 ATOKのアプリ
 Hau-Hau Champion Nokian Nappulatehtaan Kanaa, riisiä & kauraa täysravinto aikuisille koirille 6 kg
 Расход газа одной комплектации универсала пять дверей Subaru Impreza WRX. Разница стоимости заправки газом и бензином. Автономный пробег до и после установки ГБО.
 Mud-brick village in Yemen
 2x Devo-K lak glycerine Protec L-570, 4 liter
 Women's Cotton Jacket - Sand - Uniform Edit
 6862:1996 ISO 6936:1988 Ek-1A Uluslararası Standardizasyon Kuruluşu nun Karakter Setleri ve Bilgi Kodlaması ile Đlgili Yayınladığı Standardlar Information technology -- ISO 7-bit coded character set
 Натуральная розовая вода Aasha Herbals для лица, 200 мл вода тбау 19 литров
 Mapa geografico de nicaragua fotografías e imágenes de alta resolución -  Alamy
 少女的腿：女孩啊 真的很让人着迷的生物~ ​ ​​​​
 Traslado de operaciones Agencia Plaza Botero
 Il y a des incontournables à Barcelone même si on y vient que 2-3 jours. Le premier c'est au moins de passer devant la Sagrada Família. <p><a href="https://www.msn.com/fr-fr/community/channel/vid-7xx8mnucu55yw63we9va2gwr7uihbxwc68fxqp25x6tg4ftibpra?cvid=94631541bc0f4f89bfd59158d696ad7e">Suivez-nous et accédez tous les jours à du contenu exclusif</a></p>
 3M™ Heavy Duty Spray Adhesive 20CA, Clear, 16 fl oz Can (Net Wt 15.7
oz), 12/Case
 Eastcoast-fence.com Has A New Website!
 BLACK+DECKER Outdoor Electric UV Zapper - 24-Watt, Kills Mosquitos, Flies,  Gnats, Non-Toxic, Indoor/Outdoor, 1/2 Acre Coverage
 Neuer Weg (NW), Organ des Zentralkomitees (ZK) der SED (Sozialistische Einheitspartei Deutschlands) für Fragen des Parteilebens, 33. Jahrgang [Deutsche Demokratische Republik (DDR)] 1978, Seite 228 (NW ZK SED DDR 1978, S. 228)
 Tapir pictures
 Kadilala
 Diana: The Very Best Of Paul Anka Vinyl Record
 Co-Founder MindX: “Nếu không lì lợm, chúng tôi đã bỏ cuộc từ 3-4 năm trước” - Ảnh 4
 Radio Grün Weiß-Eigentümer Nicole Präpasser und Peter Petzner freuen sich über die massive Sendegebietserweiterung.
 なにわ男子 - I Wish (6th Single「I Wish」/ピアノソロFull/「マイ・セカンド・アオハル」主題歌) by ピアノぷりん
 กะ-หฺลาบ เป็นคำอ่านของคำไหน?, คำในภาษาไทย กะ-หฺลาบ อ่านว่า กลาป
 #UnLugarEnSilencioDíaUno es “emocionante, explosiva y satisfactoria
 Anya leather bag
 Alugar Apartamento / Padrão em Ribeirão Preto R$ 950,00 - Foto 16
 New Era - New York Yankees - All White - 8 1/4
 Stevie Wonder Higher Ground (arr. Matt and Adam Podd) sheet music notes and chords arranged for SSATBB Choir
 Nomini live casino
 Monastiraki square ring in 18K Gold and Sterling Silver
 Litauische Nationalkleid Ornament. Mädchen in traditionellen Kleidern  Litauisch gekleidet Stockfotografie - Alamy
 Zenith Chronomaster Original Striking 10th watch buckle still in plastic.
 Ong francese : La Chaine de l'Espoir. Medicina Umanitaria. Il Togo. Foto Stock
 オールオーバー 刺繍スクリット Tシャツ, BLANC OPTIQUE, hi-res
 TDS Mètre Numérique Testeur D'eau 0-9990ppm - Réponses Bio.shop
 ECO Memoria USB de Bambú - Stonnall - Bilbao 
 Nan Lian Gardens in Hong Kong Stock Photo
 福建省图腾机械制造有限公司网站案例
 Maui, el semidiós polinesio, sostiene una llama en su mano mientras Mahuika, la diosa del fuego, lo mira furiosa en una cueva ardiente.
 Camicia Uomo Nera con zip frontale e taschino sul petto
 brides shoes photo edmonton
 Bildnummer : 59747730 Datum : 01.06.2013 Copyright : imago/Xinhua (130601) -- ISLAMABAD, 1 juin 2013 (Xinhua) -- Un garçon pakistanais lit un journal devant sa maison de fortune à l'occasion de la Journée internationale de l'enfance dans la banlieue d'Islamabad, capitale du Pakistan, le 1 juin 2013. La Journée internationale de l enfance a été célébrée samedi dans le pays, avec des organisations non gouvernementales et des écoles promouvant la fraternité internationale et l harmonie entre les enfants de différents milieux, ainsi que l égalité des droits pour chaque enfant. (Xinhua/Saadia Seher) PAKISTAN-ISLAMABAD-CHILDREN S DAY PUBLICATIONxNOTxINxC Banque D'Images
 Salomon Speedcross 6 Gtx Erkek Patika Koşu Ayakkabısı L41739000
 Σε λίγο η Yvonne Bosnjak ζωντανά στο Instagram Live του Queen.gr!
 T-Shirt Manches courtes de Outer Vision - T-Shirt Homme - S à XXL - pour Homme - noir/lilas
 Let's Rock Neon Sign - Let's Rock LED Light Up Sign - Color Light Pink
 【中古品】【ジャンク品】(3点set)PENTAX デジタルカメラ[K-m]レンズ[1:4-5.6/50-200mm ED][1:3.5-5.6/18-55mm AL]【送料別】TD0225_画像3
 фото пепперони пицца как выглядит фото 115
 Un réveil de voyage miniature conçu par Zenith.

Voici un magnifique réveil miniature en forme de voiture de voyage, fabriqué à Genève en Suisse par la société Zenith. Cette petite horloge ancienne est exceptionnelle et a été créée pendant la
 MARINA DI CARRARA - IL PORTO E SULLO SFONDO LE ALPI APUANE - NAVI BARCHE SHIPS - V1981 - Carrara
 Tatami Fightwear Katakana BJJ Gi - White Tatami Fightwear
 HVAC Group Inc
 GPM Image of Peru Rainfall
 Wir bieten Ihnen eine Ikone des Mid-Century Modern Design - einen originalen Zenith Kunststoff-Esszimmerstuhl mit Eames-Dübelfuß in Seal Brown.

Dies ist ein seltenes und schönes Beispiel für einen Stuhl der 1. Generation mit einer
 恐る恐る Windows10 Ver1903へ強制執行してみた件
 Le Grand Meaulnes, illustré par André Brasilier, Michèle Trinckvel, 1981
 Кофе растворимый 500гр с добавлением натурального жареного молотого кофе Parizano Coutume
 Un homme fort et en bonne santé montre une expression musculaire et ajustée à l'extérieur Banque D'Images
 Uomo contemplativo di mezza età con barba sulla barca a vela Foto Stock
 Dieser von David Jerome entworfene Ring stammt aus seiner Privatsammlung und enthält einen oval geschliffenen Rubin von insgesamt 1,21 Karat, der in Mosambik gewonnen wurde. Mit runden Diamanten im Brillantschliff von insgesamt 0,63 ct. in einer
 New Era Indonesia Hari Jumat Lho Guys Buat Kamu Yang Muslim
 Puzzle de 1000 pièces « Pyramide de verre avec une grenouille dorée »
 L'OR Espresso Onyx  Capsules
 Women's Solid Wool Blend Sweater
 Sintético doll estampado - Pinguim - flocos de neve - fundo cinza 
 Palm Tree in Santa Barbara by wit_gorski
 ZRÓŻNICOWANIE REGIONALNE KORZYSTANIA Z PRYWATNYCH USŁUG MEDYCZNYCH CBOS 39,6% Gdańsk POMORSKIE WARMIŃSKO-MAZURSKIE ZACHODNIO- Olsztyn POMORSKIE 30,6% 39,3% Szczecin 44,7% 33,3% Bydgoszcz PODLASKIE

#### WHAT TO PRODUCE:
Read through the entries above, and wherever a line holds the string "Alamy", copy it.

#### TASK RESULT:
 Mapa geografico de nicaragua fotografías e imágenes de alta resolución -  Alamy
 Litauische Nationalkleid Ornament. Mädchen in traditionellen Kleidern  Litauisch gekleidet Stockfotografie - Alamy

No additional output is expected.